### Data for processing

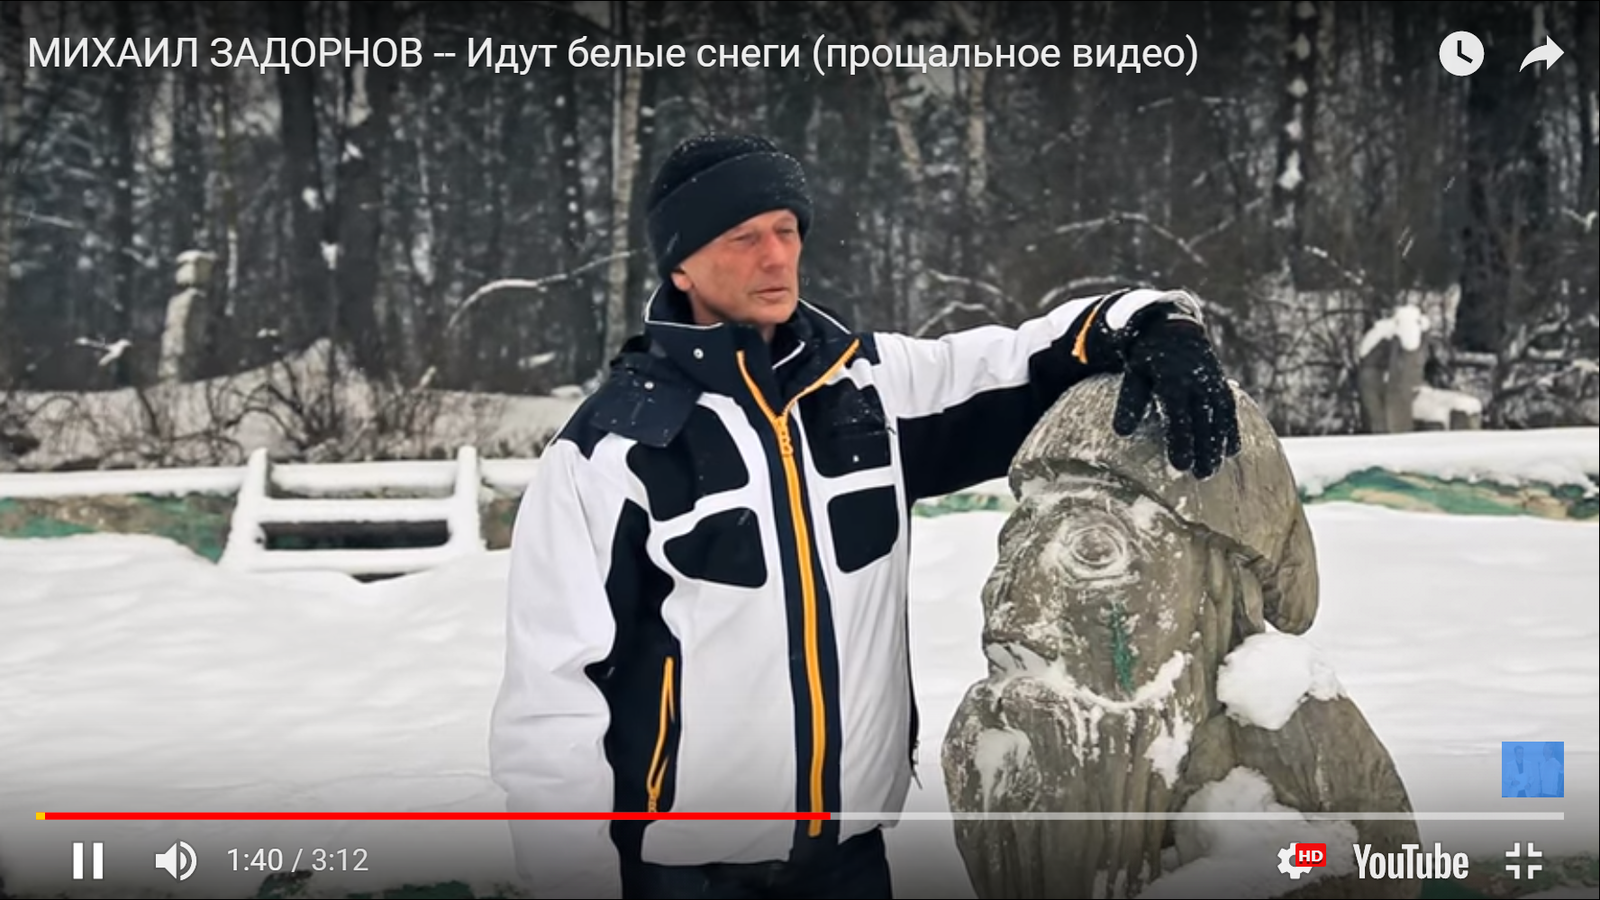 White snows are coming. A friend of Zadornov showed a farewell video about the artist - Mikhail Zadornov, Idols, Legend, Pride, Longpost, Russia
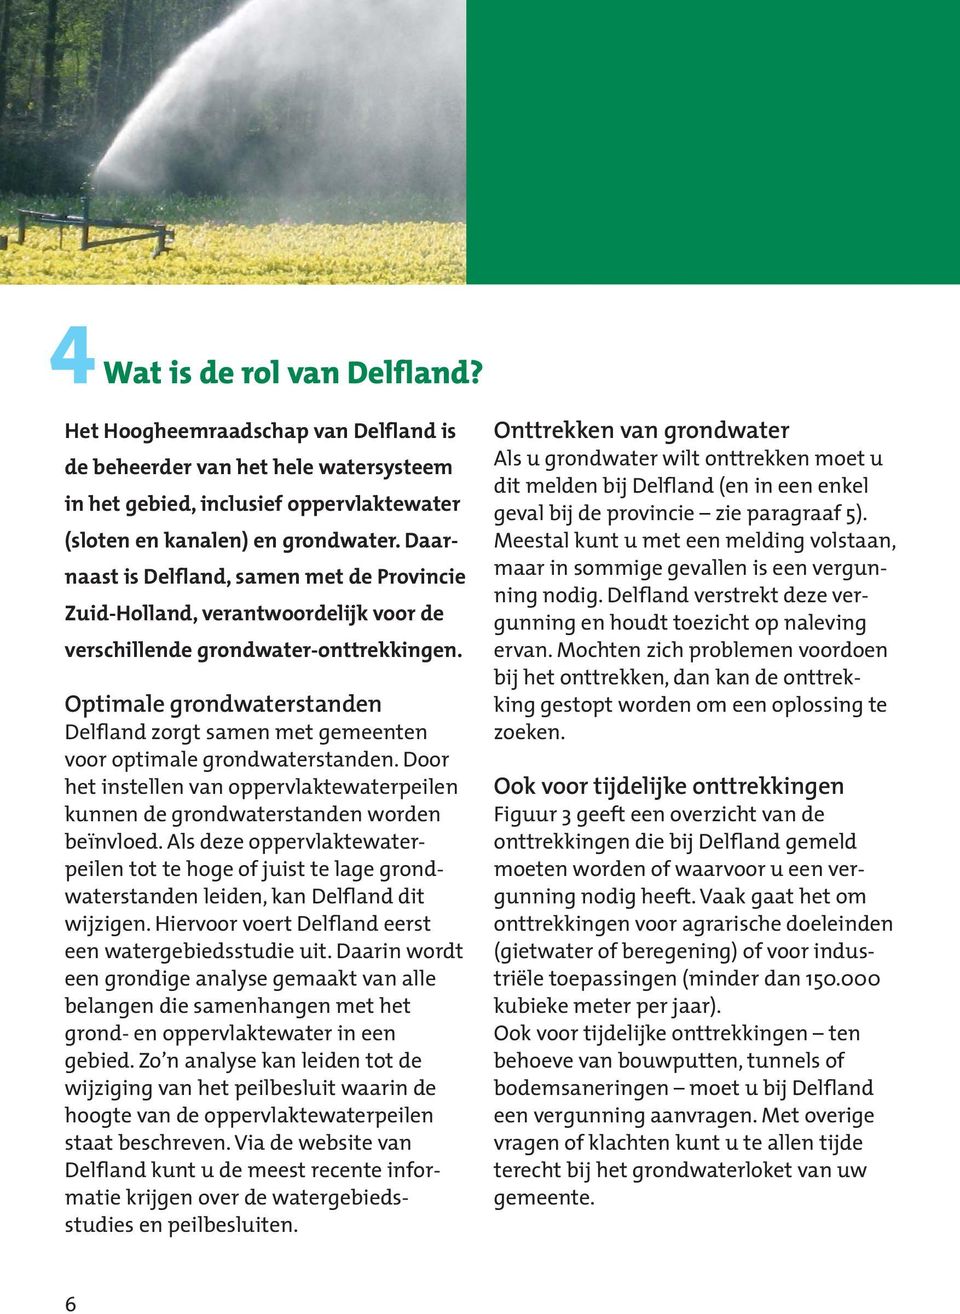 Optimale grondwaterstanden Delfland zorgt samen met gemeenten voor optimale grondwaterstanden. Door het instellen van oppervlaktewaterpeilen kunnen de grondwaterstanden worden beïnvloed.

######
### Data for processing

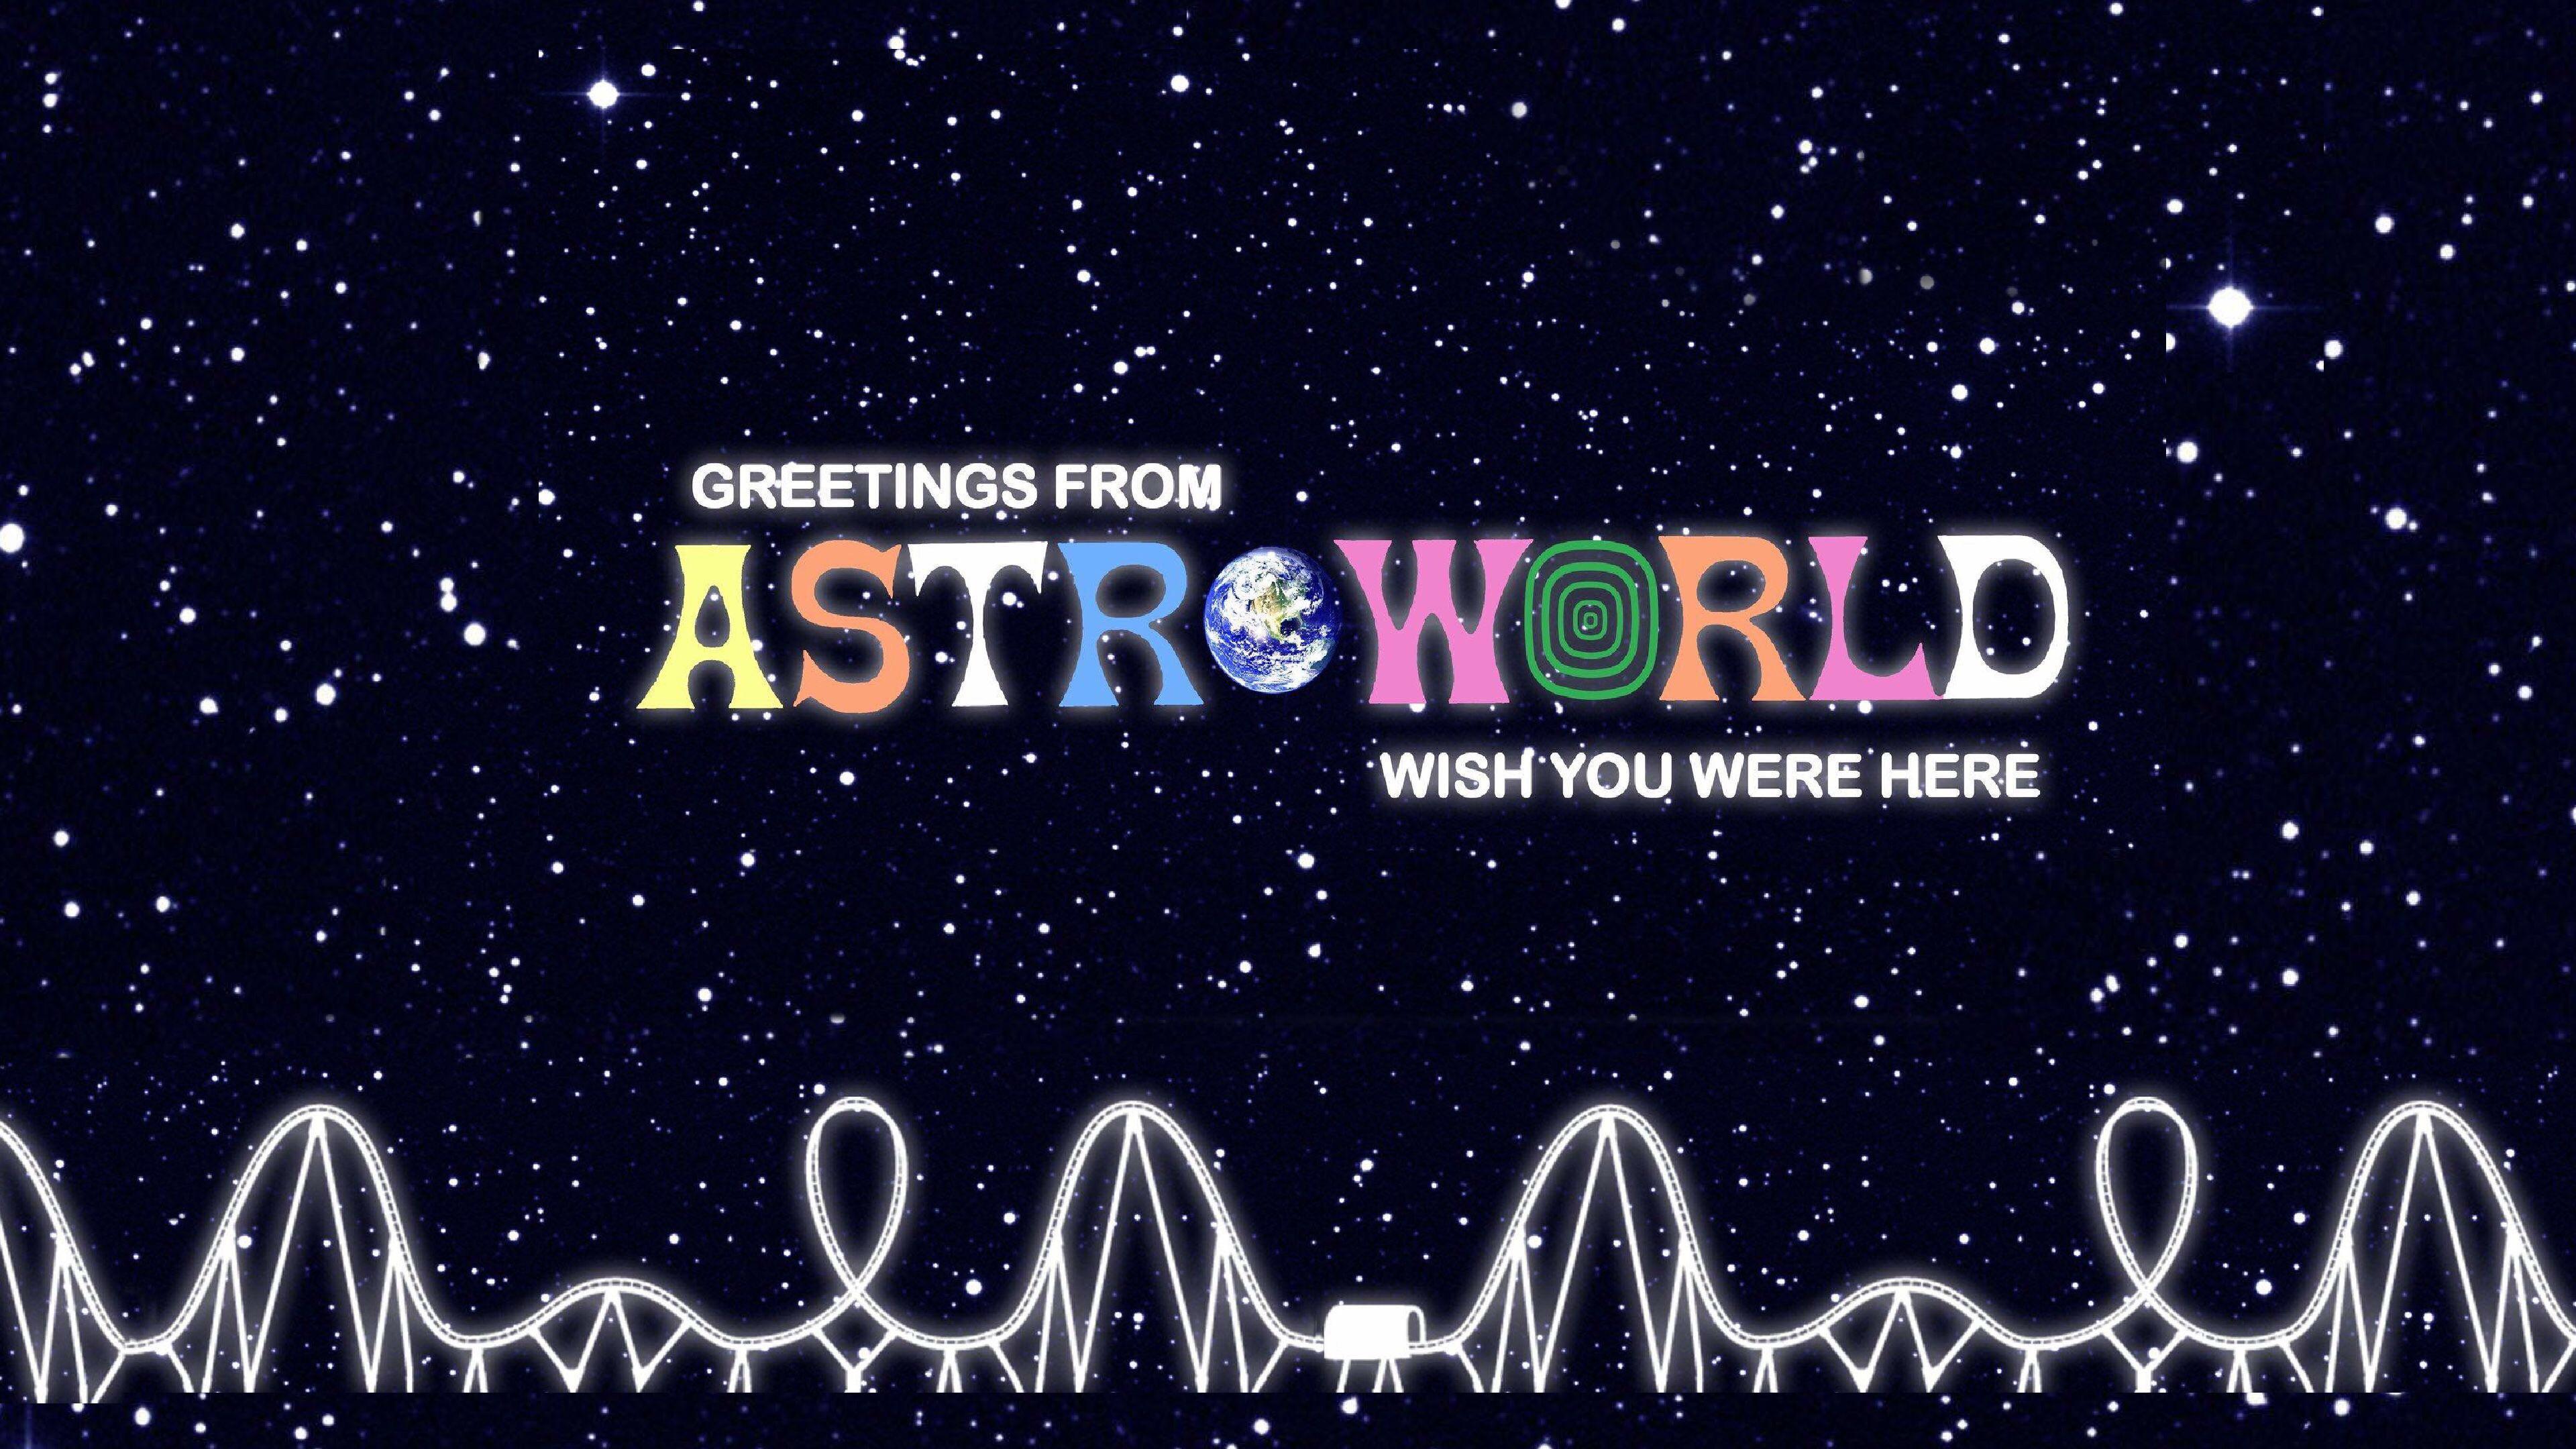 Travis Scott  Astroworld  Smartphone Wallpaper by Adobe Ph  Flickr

######
### Data for processing

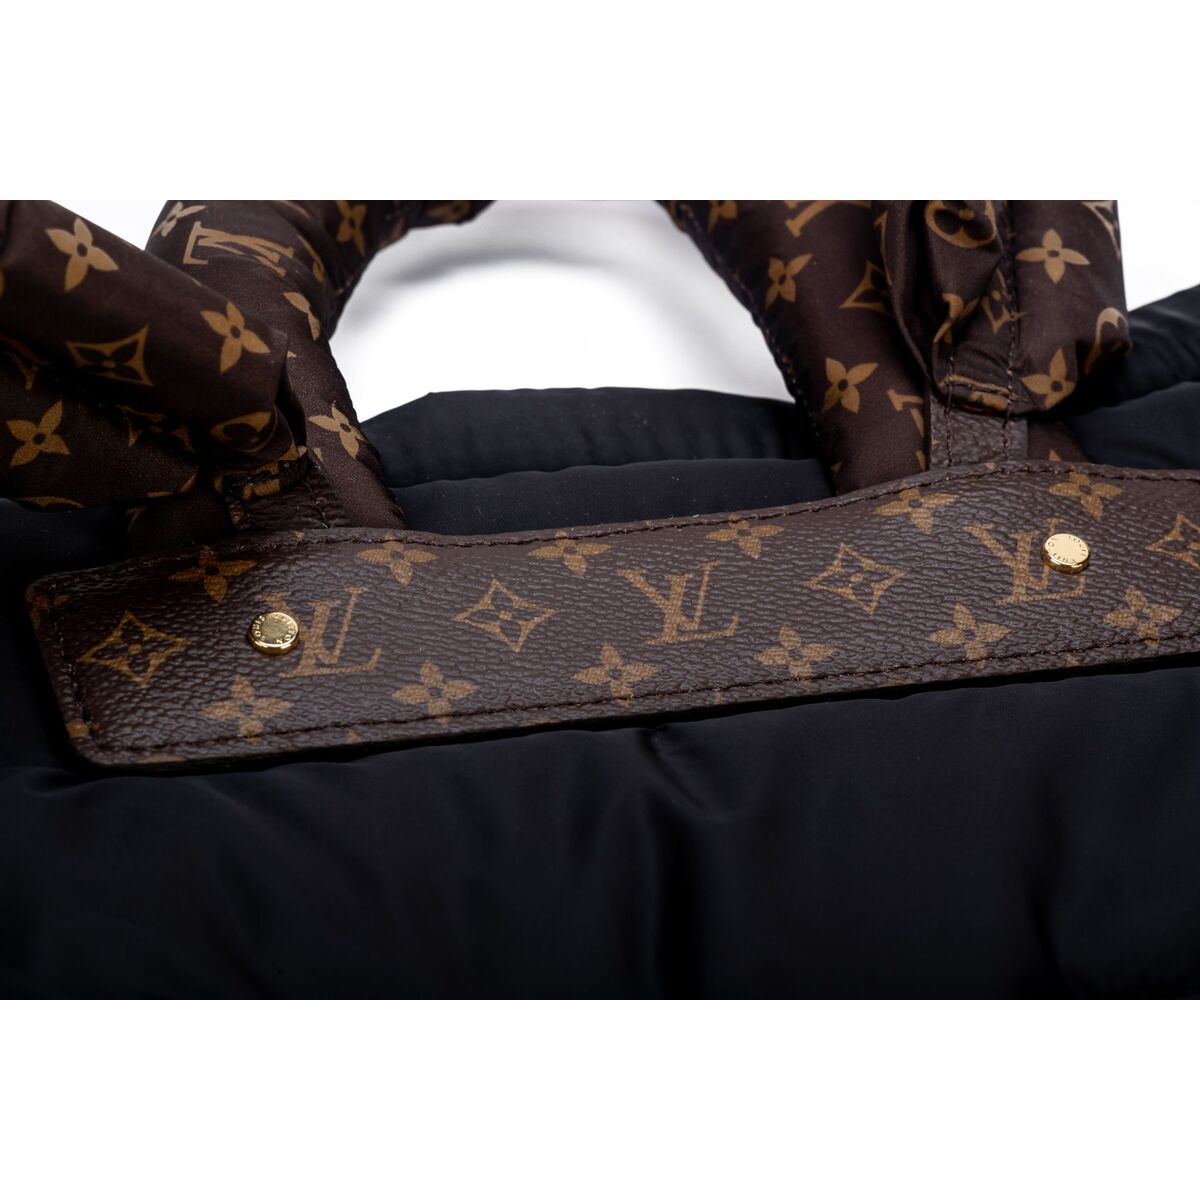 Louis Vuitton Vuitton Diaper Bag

######

Task directions — Out of the records above, return only the lines from the one with "White snows are" through the one with "Optimale grondwaterstanden Delfland", exactly, and none of the pictures.

Written solution —
 White snows are coming. A friend of Zadornov showed a farewell video about the artist - Mikhail Zadornov, Idols, Legend, Pride, Longpost, Russia
 Optimale grondwaterstanden Delfland zorgt samen met gemeenten voor optimale grondwaterstanden. Door het instellen van oppervlaktewaterpeilen kunnen de grondwaterstanden worden beïnvloed.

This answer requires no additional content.